Keep in mind that that has a – that’s built off of a big ramp to between 17% and 18% when we’re bringing all these DUCs online. So the 2017 to 2018 production ramp is very substantial. And then 2018 to 2019 we’re going off of that flush production that we generated in 2018. So it’s a more moderate ramp, so don’t look at that and be deceived by, oh this is a single digit compounded annual growth rate. Now it’s coming off of a big initial first step.

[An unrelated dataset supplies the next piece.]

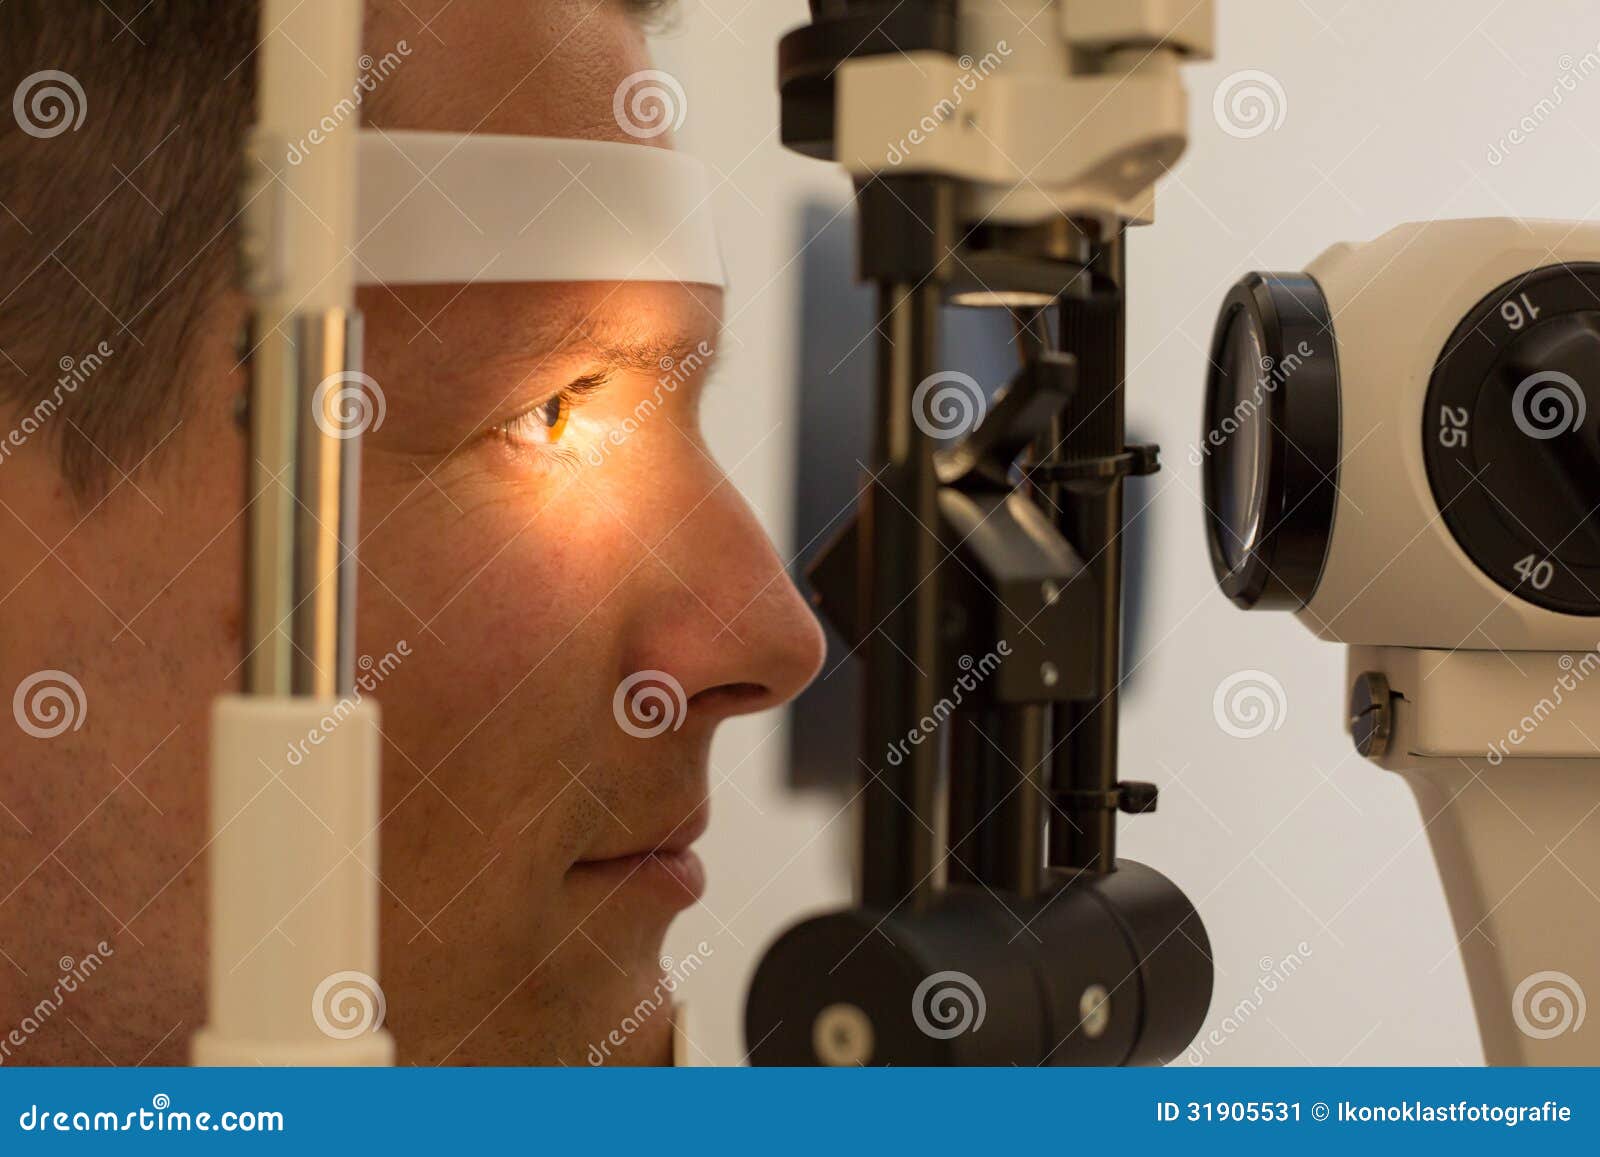 patient at slit lamp of optician or optometrist

In terms of returning cash to shareholders, I think that absolutely is a top priority goal. The one thing we would do well before that is to delever the company. We used leverage to buy in this asset and the shell asset prior to that and to fund our drilling growth over the last several years. And I think that leverage was put to good use. Now we’ve got a world-class asset with a huge contiguous position and we’ve got plenty of drilling to do for the next 15 to 20 years.

So I really would think about the company right now in terms of priorities one, two and three being deleveraging and then if we’re generating excess cash absolutely, returning it to the shareholders in the form of buybacks or dividends.

Keep in mind, management employees here are the largest shareholders of the company. So I think it would be a really good thing if we got ourselves to a point where we were paying a dividend or we were in a sustained buyback program which is another form.

But we do view returning cash to shareholders as also being achieved by de-levering, right? Because we’re just adding to the intrinsic value of the equity by doing so. And I think we would witness an expansion in our in our enterprise value to cash flow trading multiples, and everybody would benefit. So all three of those deleveraging, dividends and buybacks are just different forms of really the same thing, and those are our goals now.